Population Inbreeding: 0.047 (low - acceptable)
Population Genetic Diversity: 0.768 (good)
Founder Genome Equivalents: 12.3 (moderate founder representation)
Growth Trends (Past Year):
Births: 23 offspring
Deaths: 15 individuals
Net Growth: +8 individuals (+4.5% population growth)
Birth Rate: 12.3% (healthy)
Mortality Rate: 8.0% (acceptable for species)
Sustainability Assessment: STABLE
- Population growing modestly but sustainably
- Breeding capacity adequate (136 breeding-age individuals)
- Genetic diversity maintained (no alarming inbreeding trends)
- Sex ratios favourable for breeding programme
Management Recommendations:
1. Continue current breeding strategy (working well)
2. Monitor 2 animals with unknown sex for breeding capacity planning
3. Focus breeding recommendations on maintaining genetic diversity
4. Consider expanding institutional participation to distribute risk
Status: Healthy breeding programme with stable demographics and good genetics
Population analysis provides comprehensive health check. Reveals programme strengths. Identifies areas requiring attention.
Population Demographics
Demographics describe population structure and composition:
Basic Population Counts:
- Total Population: All registered individuals (active studbook entries)
- Adult Males: Mature male animals
- Adult Females: Mature female animals
- Juveniles: Young animals not yet breeding age
- Unknown Sex: Animals not yet sexed or sex uncertain
Age Structure:
- Breeding Age: Animals physiologically capable of breeding
- Sub-Adult: Animals approaching breeding age but not yet mature
- Juvenile: Young animals dependent or recently independent
- Geriatric: Older animals past prime breeding years
Example demographic breakdown:
Cattle Breeding Programme Demographics:
Total Population: 450 animals
Age and Sex Distribution:
Adult Bulls (>24 months): 45 (10%)
Adult Cows (>24 months): 285 (63%)
Yearling Bulls (12-24 months): 28 (6%)
Yearling Heifers (12-24 months): 35 (8%)
Calves (<12 months, male): 30 (7%)
Calves (<12 months, female): 27 (6%)
Breeding Population:
Breeding Bulls: 42 (93% of adult bulls available for breeding)
Breeding Cows: 265 (93% of adult cows available for breeding)
Analysis:
- Strong breeding-age population (68% of total)
- Good replacement ratio (63 yearlings for 330 adults = 19% replacement)
- Balanced sex ratio in calves (30 males, 27 females)

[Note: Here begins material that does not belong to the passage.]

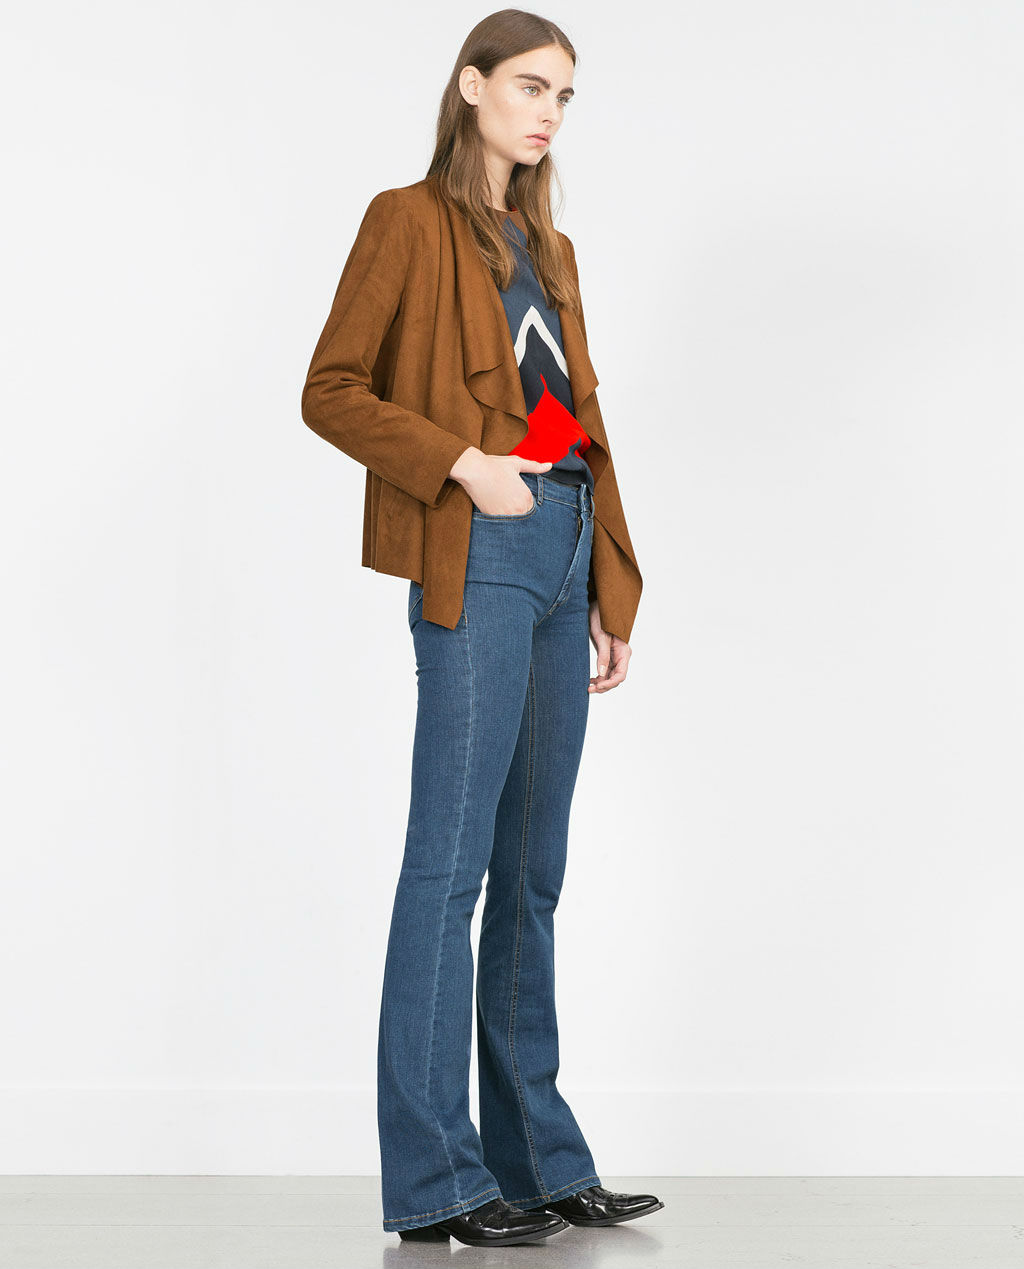 Jeans de Zara que querrás lucir sí o este otoño invierno 2015/16 -

- Minimal non-breeding adults (breeding capacity maximised)
Wildlife Conservation Programme Demographics:
Total Population: 78 rhinos
Age and Sex Distribution:
Adult Males (>7 years): 28 (36%)
Adult Females (>6 years): 35 (45%)
Sub-adult Males (3-7 years): 6 (8%)
Sub-adult Females (3-6 years): 5 (6%)
Juveniles (<3 years): 4 (5%)
Breeding Population:
Breeding Males: 22 (79% of adult males)
Breeding Females: 30 (86% of adult females)
Analysis:
- Healthy breeding-age population (67% breeding-capable adults)
- Sub-adult cohort provides future breeding stock (11 animals approaching maturity)

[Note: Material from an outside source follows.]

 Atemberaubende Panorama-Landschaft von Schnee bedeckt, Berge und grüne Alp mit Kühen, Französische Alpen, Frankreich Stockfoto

- Low juvenile population suggests recent breeding decline (requires investigation)
- Excellent adult breeding participation (>75% actively breeding)
Demographics reveal population structure. Support breeding programme assessment. Enable planning across livestock and conservation contexts.
Breeding Population Assessment
Breeding population metrics focus on reproductive capacity:
Breeding Capacity Metrics:
- Breeding Males: Number of males capable and available for breeding
- Breeding Females: Number of females capable and available for breeding
- Sex Ratio: Ratio of breeding males to breeding females
- Breeding Participation: Percentage of breeding-age animals actively breeding
Sex Ratio Interpretation:
- 1:1 ratio (1.0): Equal breeding males and females
- 1:2 ratio (0.5): More females than males (common in polygynous species)
- 2:1 ratio (2.0): More males than females (may indicate breeding constraints)
Example breeding assessment:
Elephant Breeding Programme - Breeding Population:
Breeding Males: 12 bulls (age 10-35 years)
Breeding Females: 28 cows (age 10-40 years)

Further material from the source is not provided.